Cerebellar Function:  Intact.

Gait and Stance:  Intact.

Neck and Back Examination:  Scoliosis was observed in the thoracolumbar region as mentioned above.  The patient appeared to have a short, stocky neck with some degree of webbing and a low hairline.   


1.  Considering this patient’s initial history and examination five years prior to consultation, how precisely can the neurologic lesion be localized at that time?  If precise localization is not possible, list as many levels and/or structures as you can that might produce the same clinical picture.
2.  What is the localizing significance of the findings on the examination of the motor system and the reflexes?
3.  What is the anatomical basis of the "suspended sensory level" involving pain sensation?
4.  Indicate the level of the neurologic lesion in this case and the structures involved by the pathologic process.  Is a single restricted level or segment of the nervous system involved or does the pathologic process span a few segments?  Indicate the side(s) of the lesion and its extent.  A diagram may be helpful in this instance.

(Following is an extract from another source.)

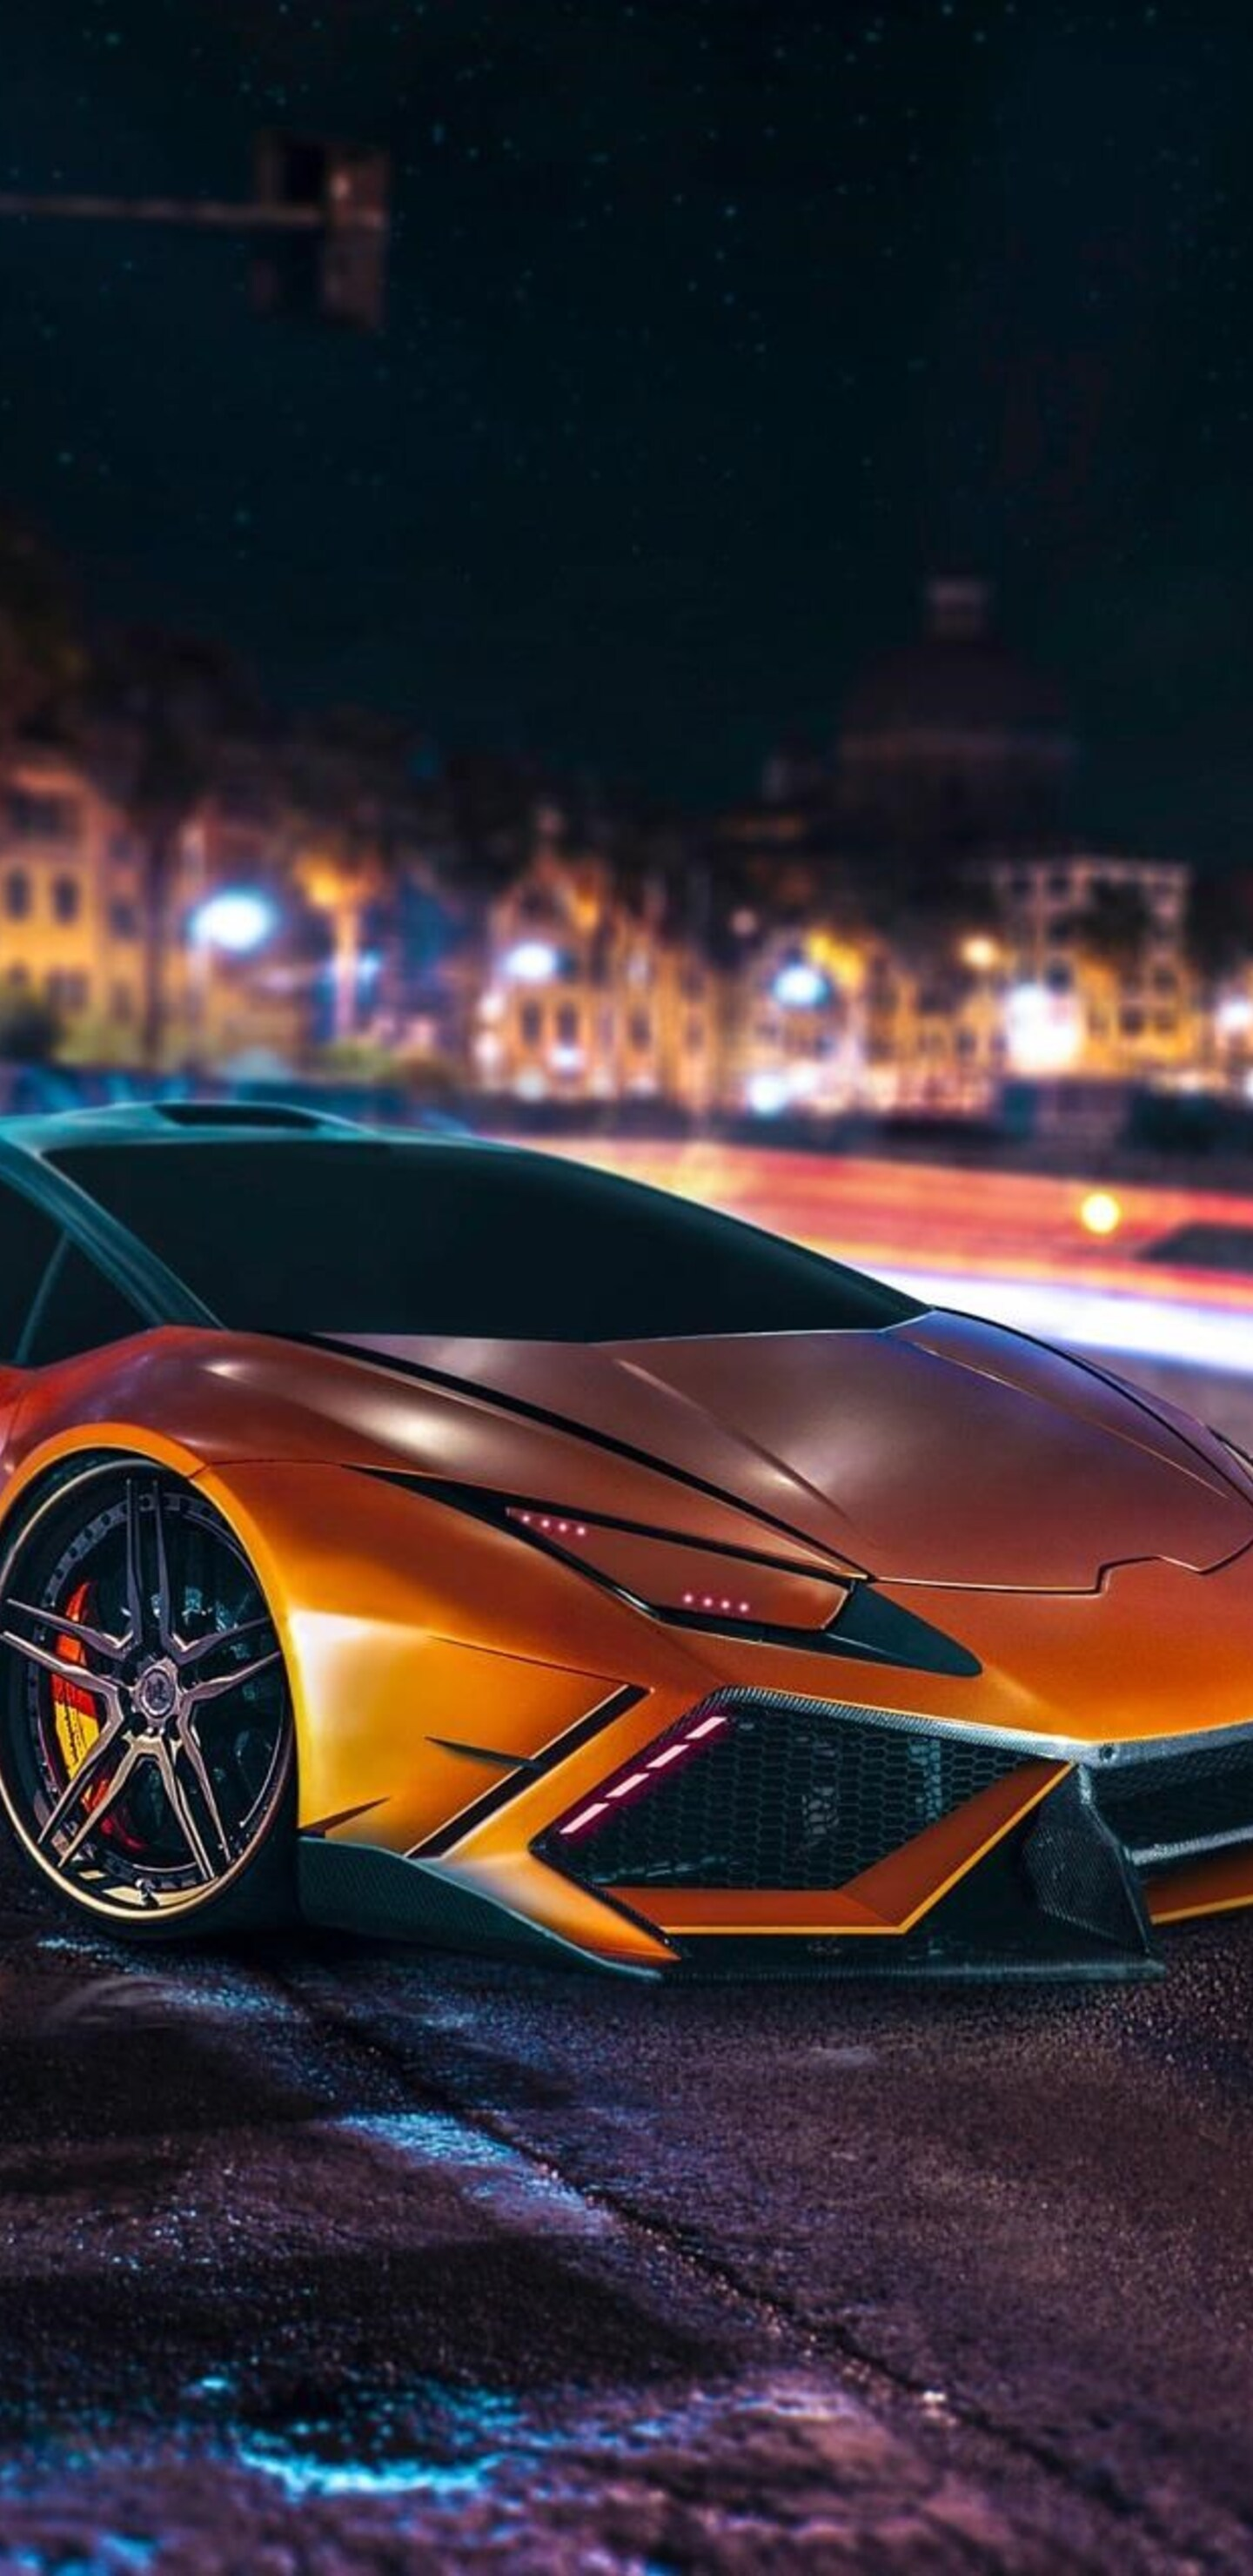 1440x2960 Lamborghini Huracan Full Hd Samsung Galaxy Note 9 8 S9 S8

Signs or Symptoms                    Site of Lesion               
Initial decreased pain, RUE                       
Weakness, atrophy, decreased          
DTRs, RUE>LUE                          
Weakness, increased tone,           
increased DTRs, extensor R               
plantar reflex, RLE>LLE                           

Suspended pain deficit, BUE            

5.  In general, what type of pathologic process do you think is involved in this case?
6.  What diagnostic procedure(s) would you undertake at this point?